What to work on:
Leave the pictures aside and copy all the data exactly.

Given data:

........

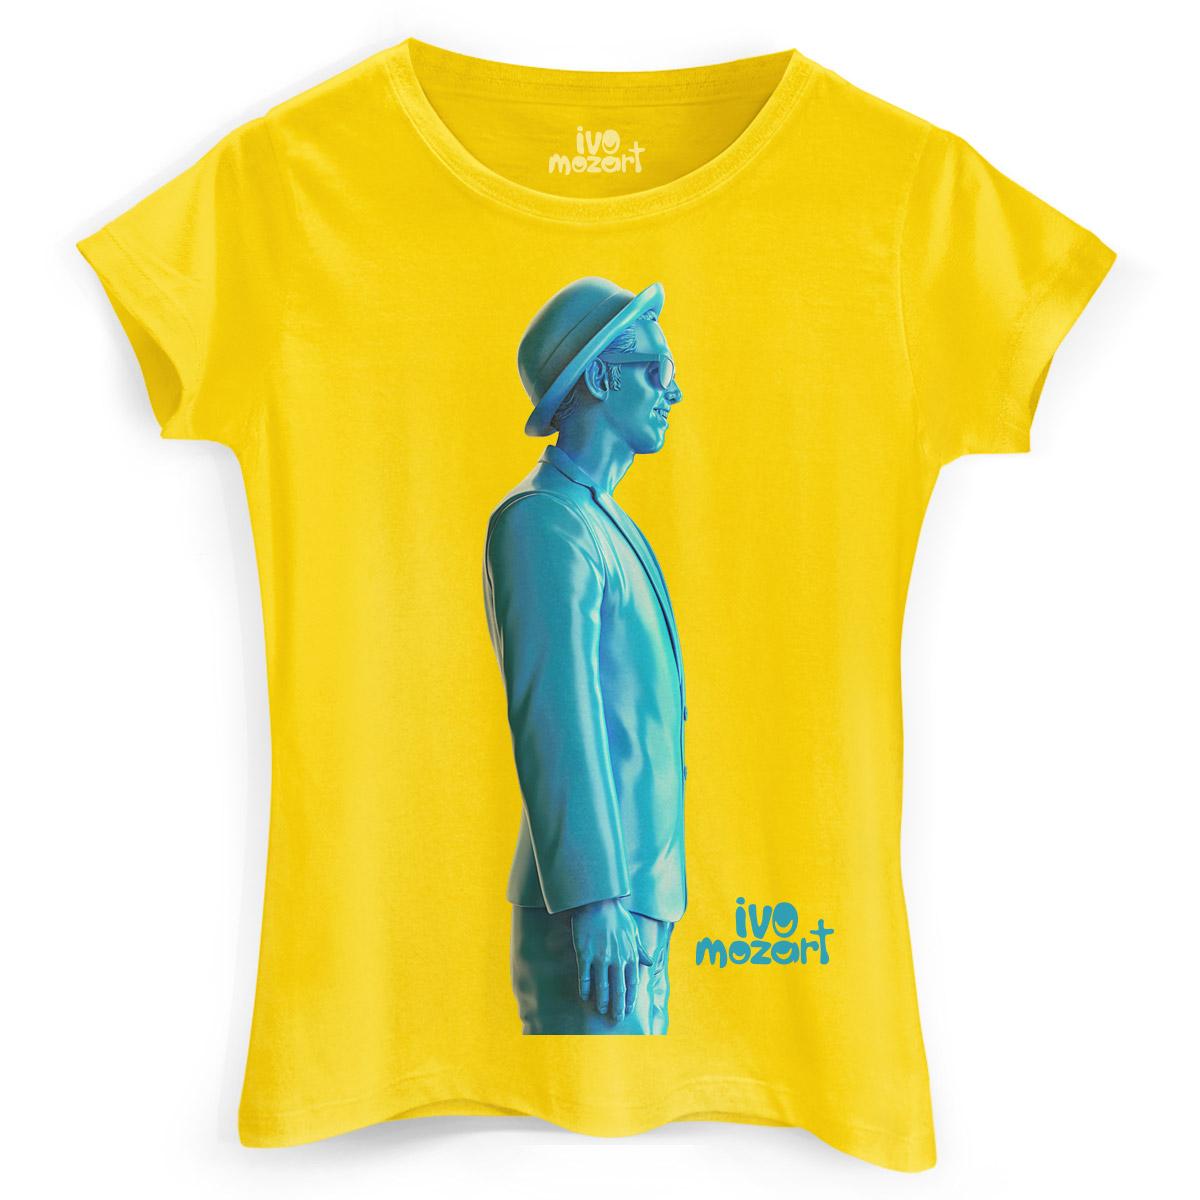 Camiseta Feminina Ivo Mozart 29 Capa
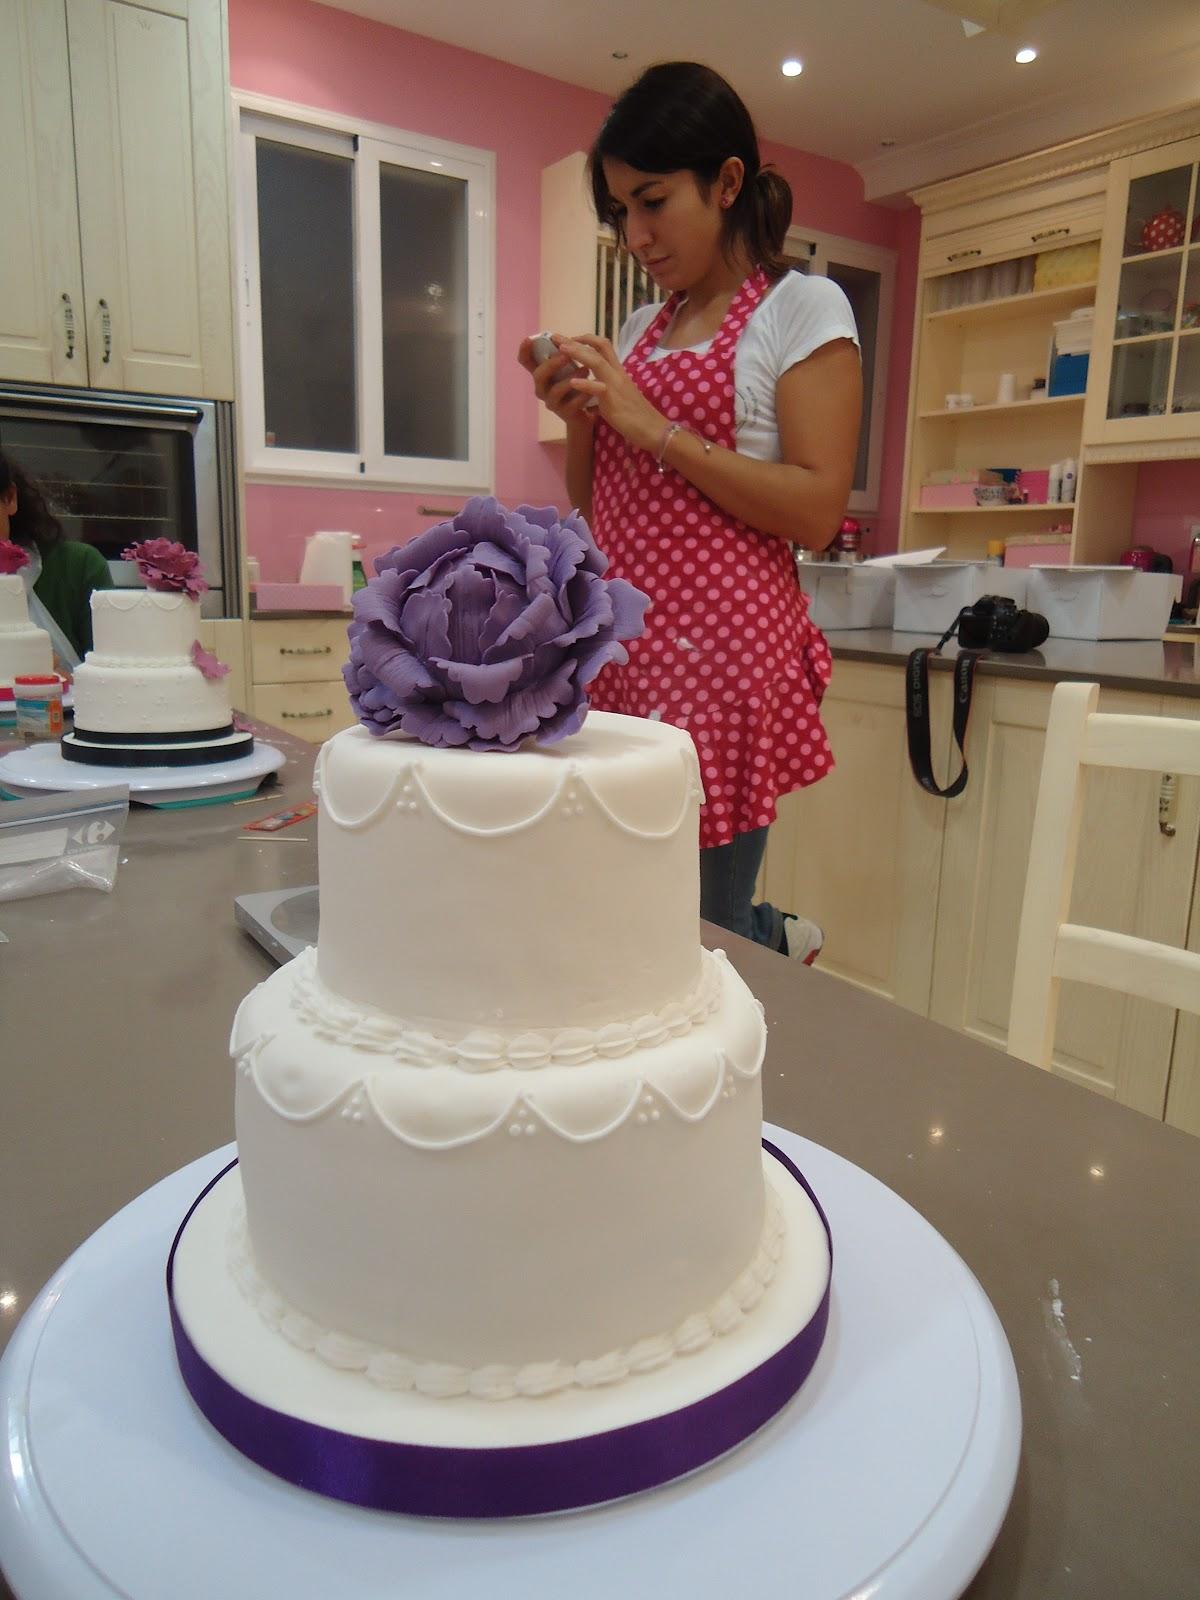 Las tentaciones de bego tarta de boda con alma obregon - Videos de alma obregon ...
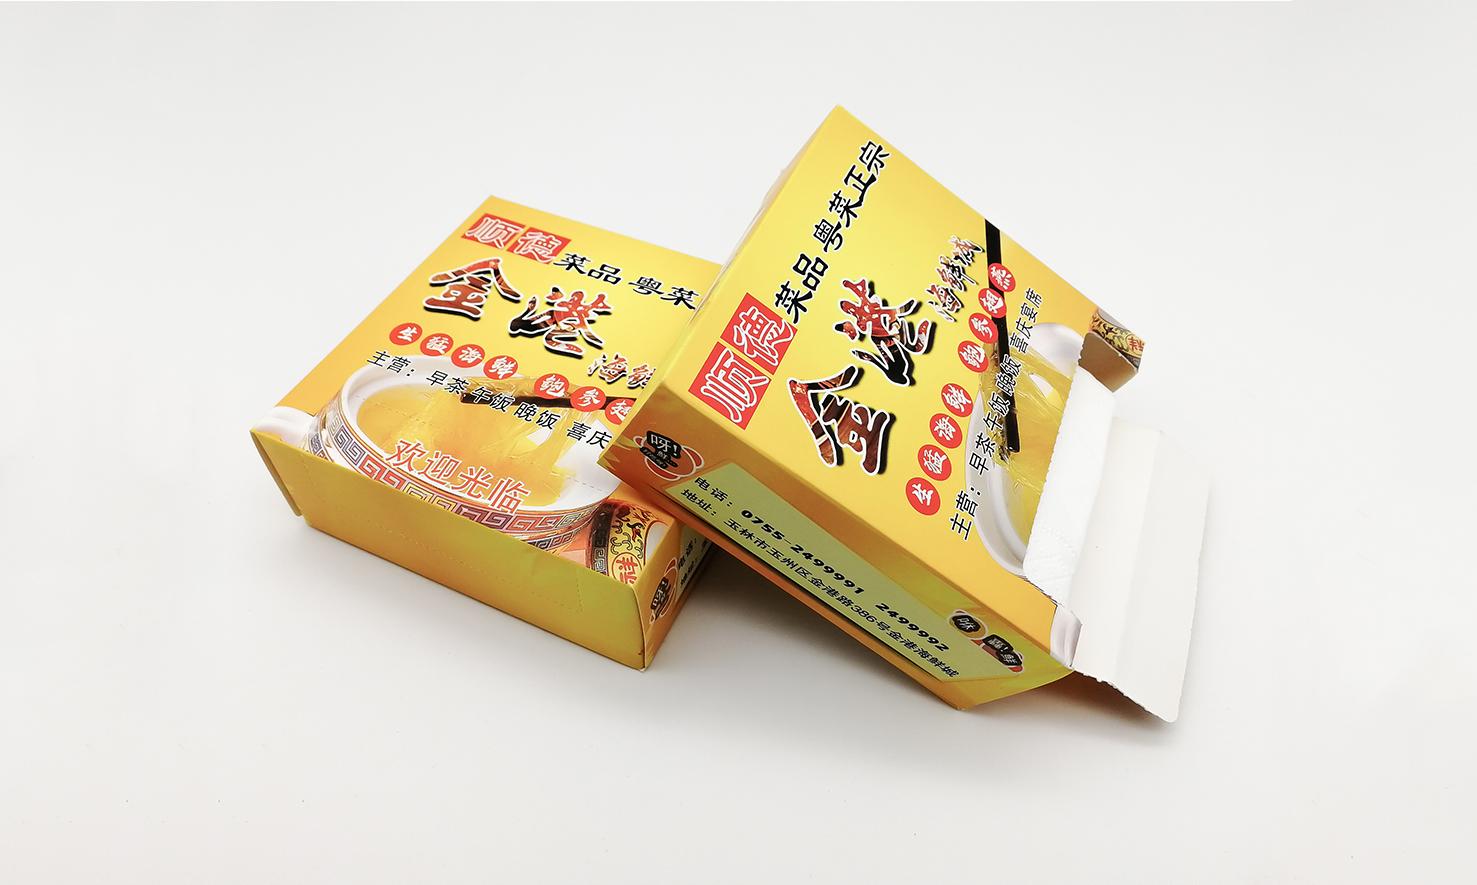 金港海鲜城广告纸巾定制
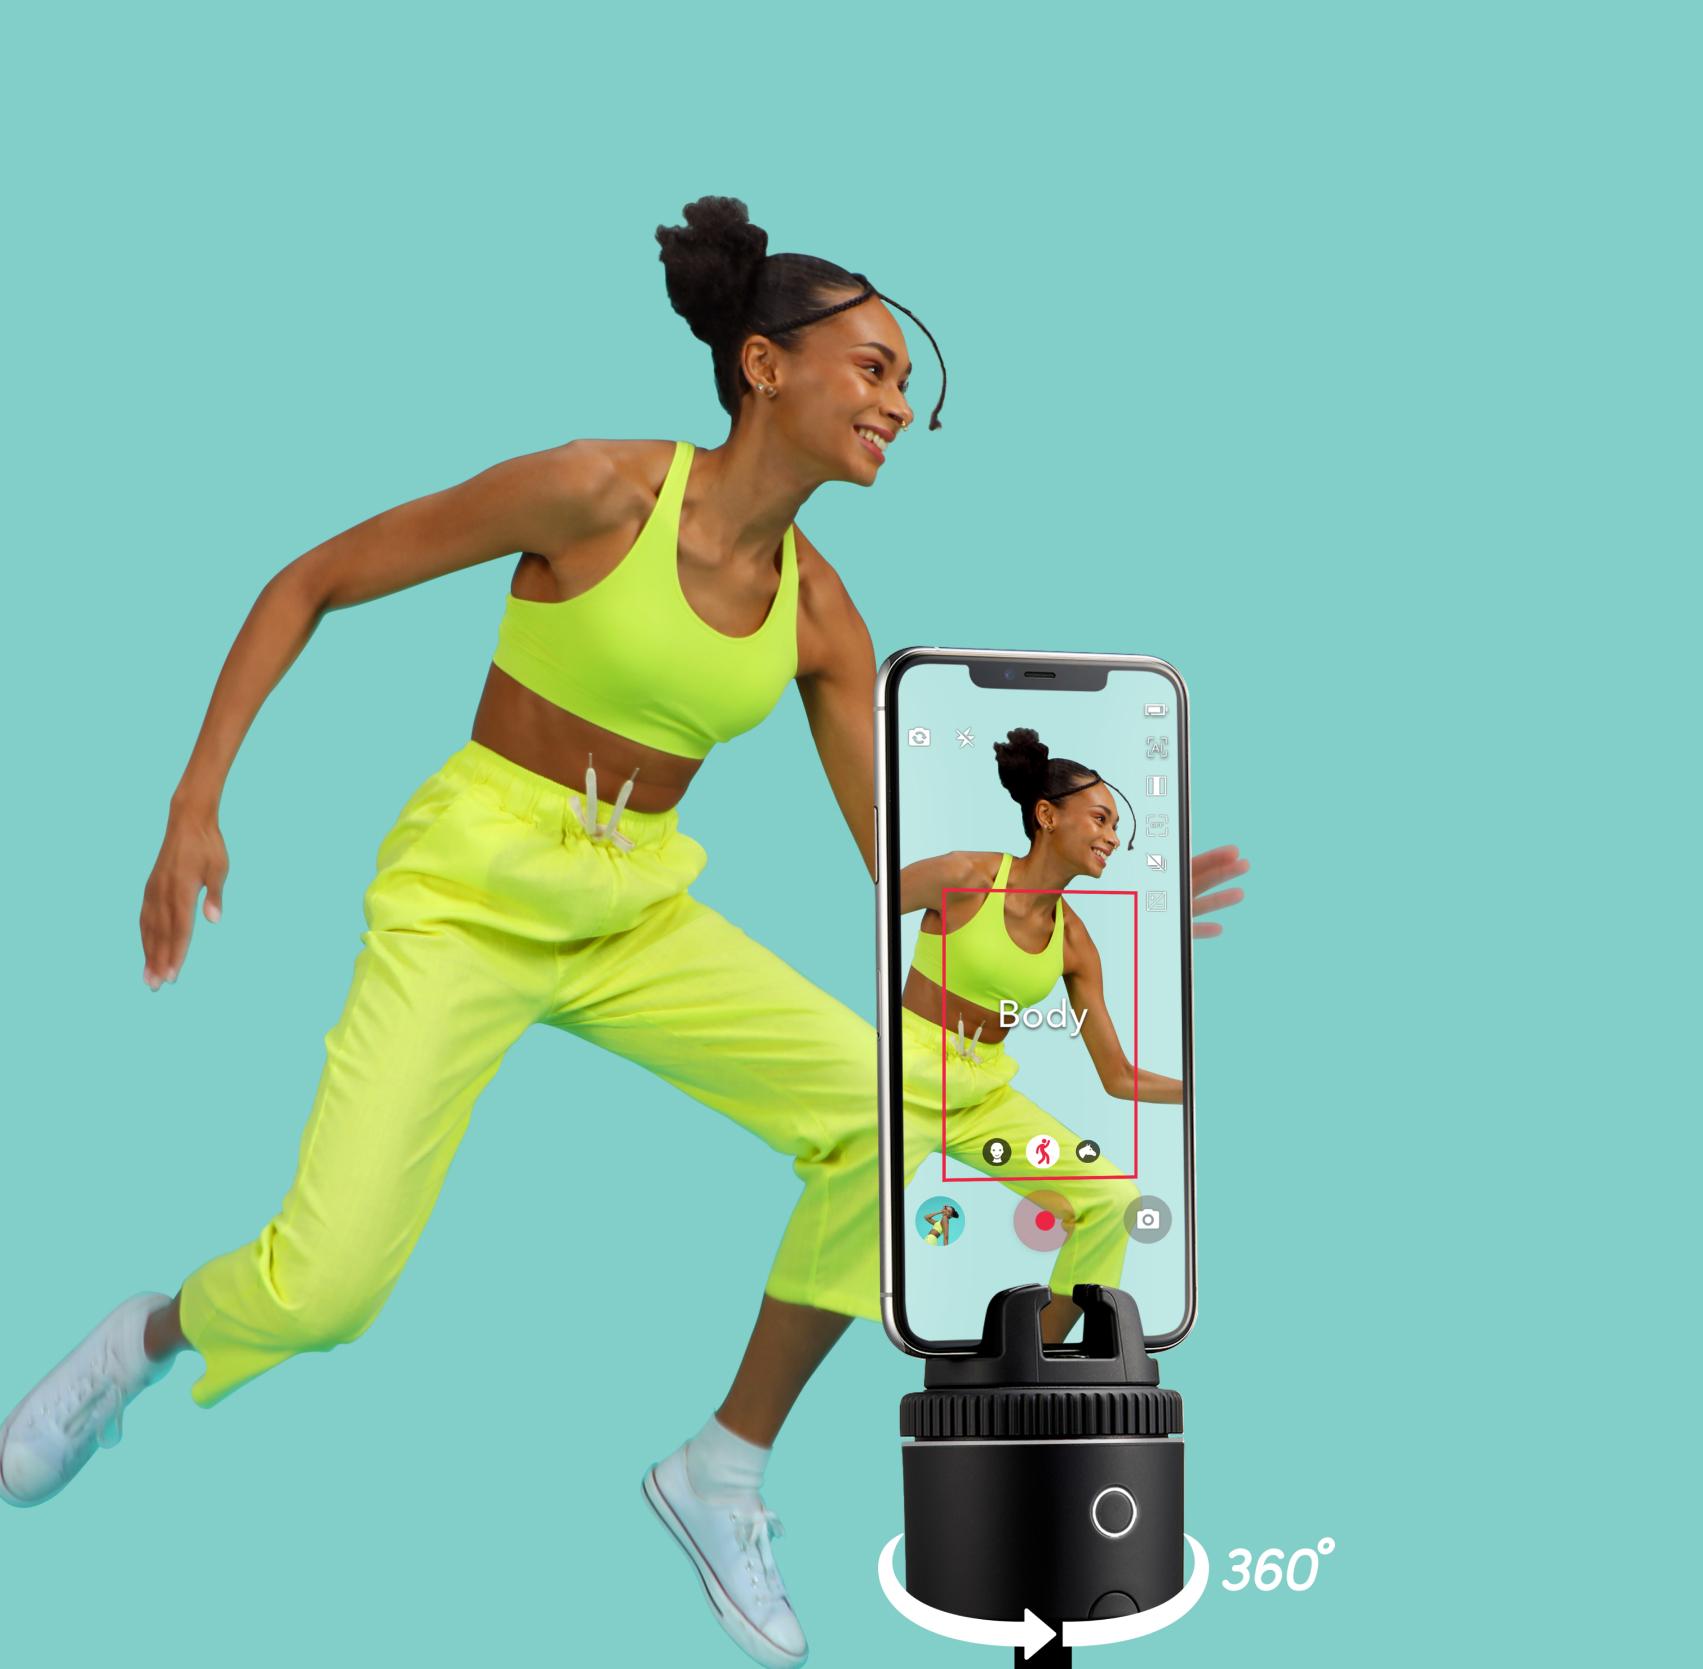 Pivo Shoot On Fitness Girl

........

Task result:
 Camiseta Feminina Ivo Mozart 29 Capa
 Las tentaciones de bego tarta de boda con alma obregon - Videos de alma obregon ...
 金港海鲜城广告纸巾定制
 Pivo Shoot On Fitness Girl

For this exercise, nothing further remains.